**PROBLEM REQUIREMENTS:**
Pictures should be left out when the listing below is repeated word for word.

**PROVIDED MATERIAL:**
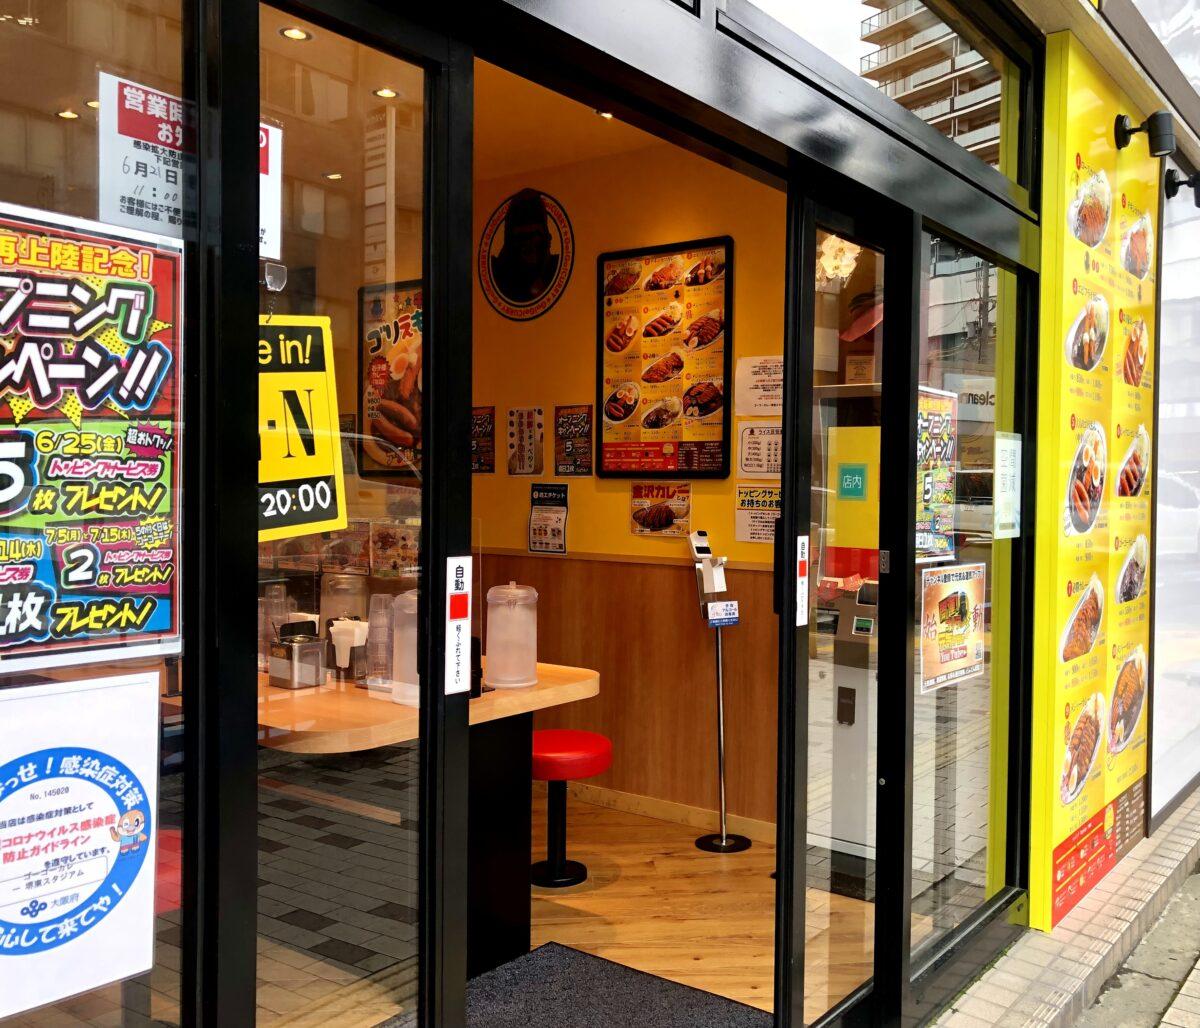 【祝オープン】堺市堺区・堺東に『ゴーゴーカレー堺東スタジアム』がオープンしましたよ!!:
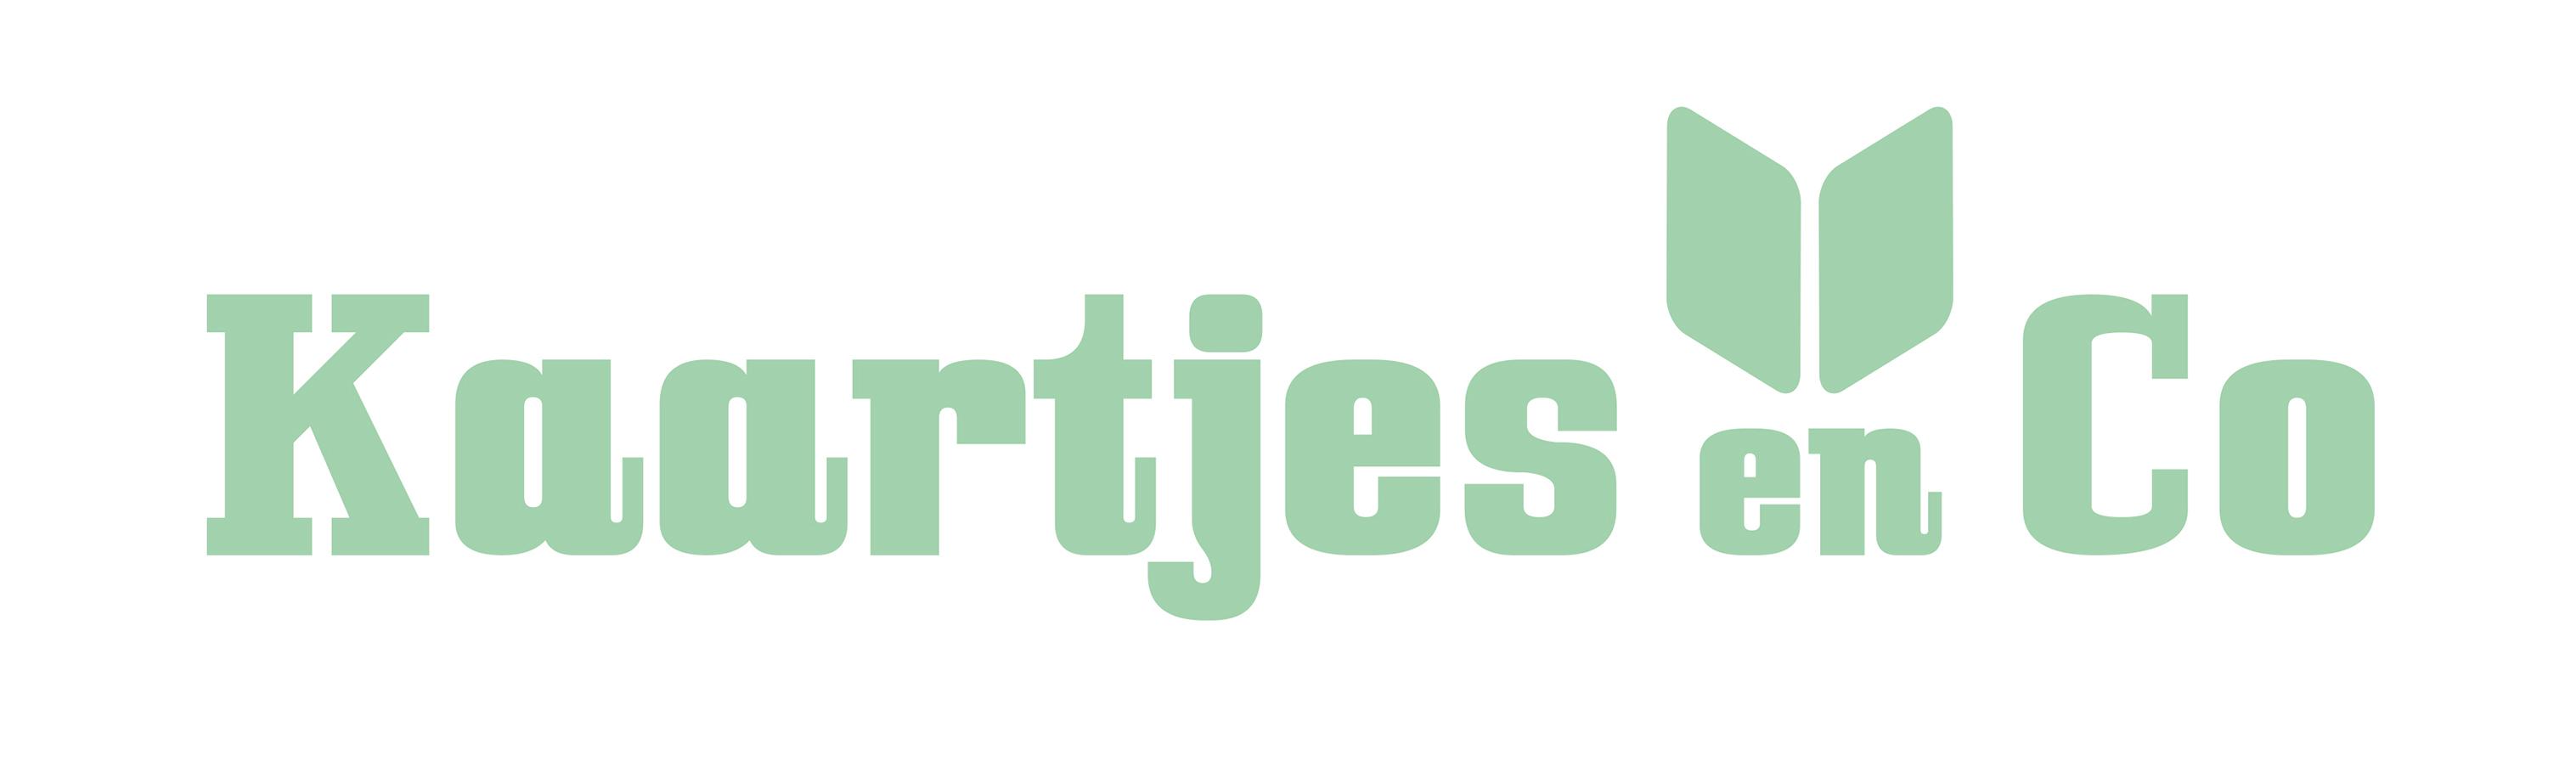 Kaartjes en Co promotie : Dag van de webshop
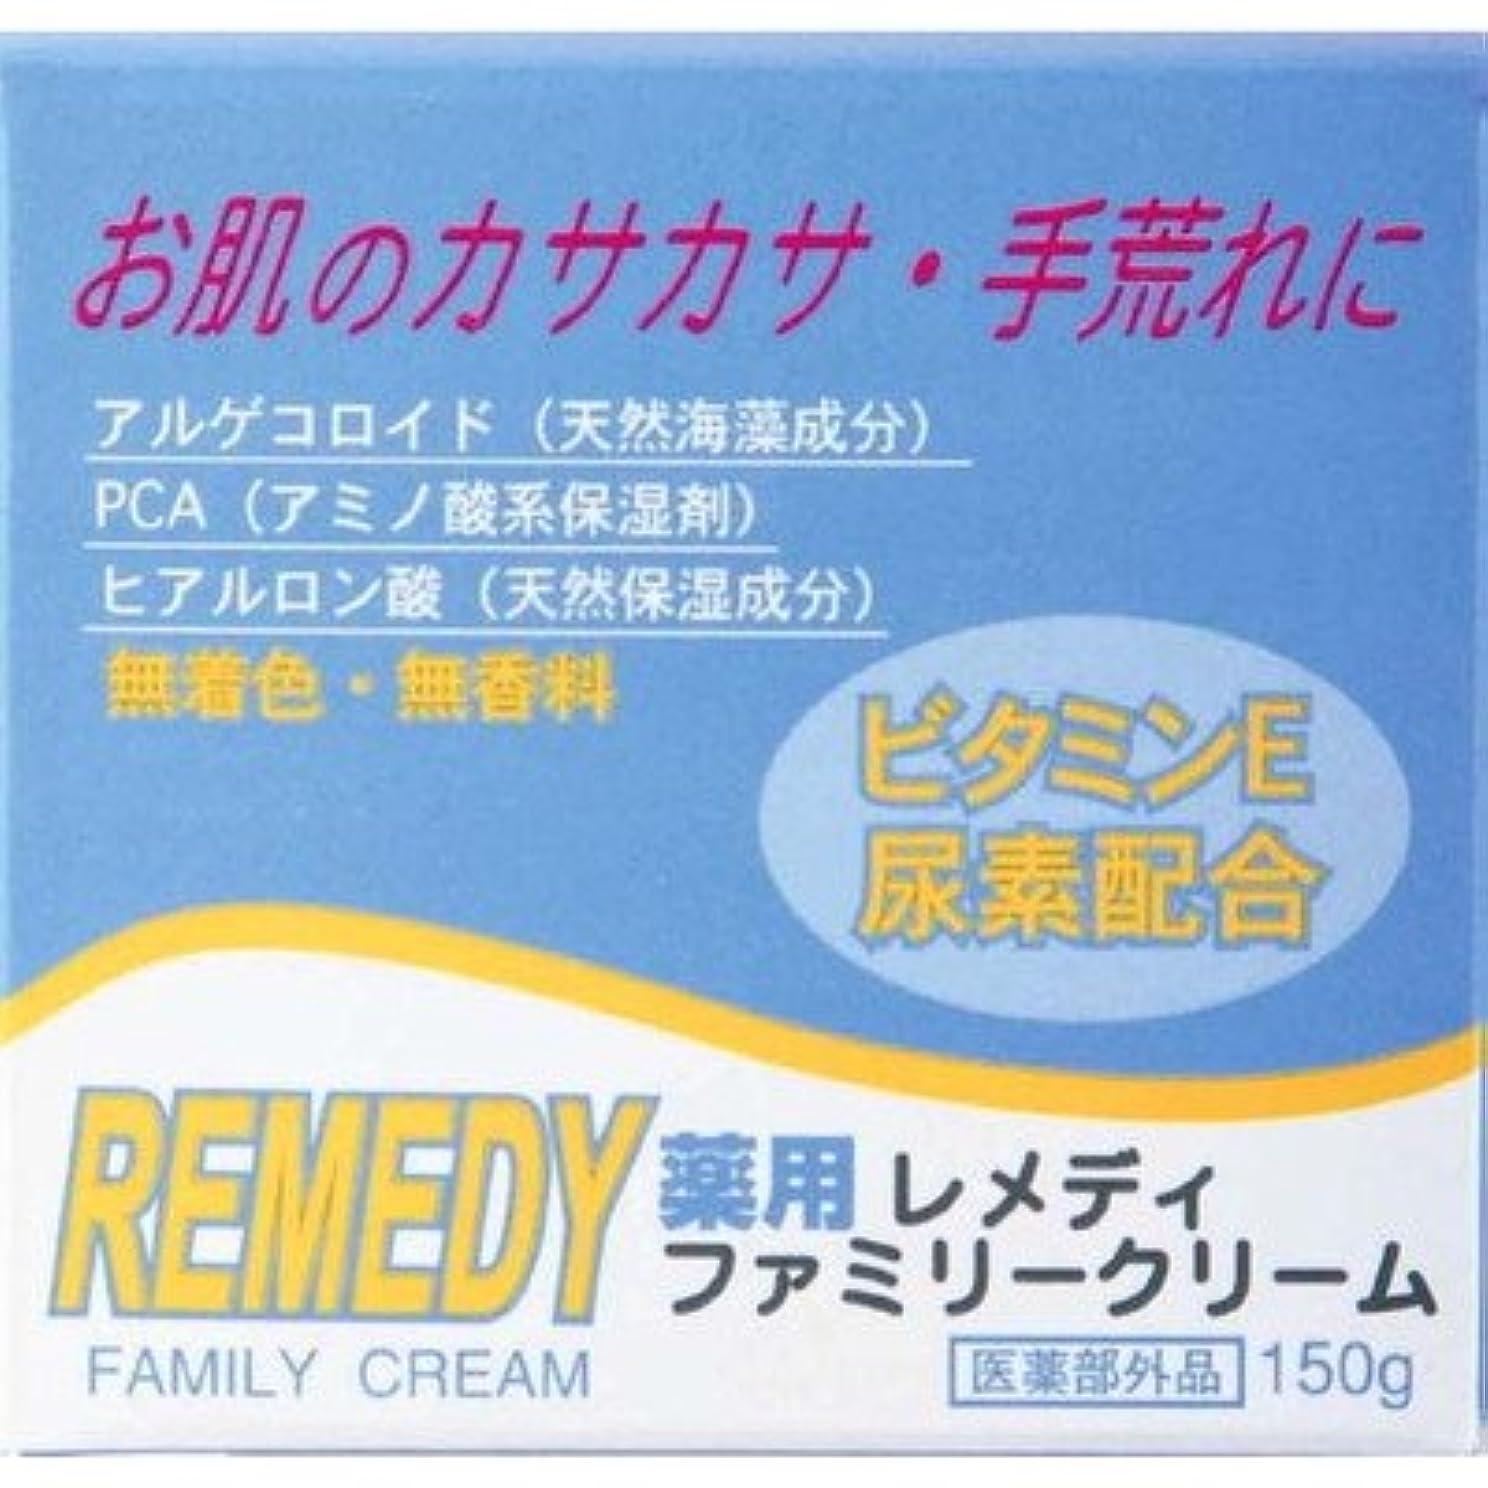 試みいたずら友情【医薬部外品】薬用レメディ ファミリークリーム 150g

**TASK RESULT:**
 【祝オープン】堺市堺区・堺東に『ゴーゴーカレー堺東スタジアム』がオープンしましたよ!!:
 Kaartjes en Co promotie : Dag van de webshop
 試みいたずら友情【医薬部外品】薬用レメディ ファミリークリーム 150g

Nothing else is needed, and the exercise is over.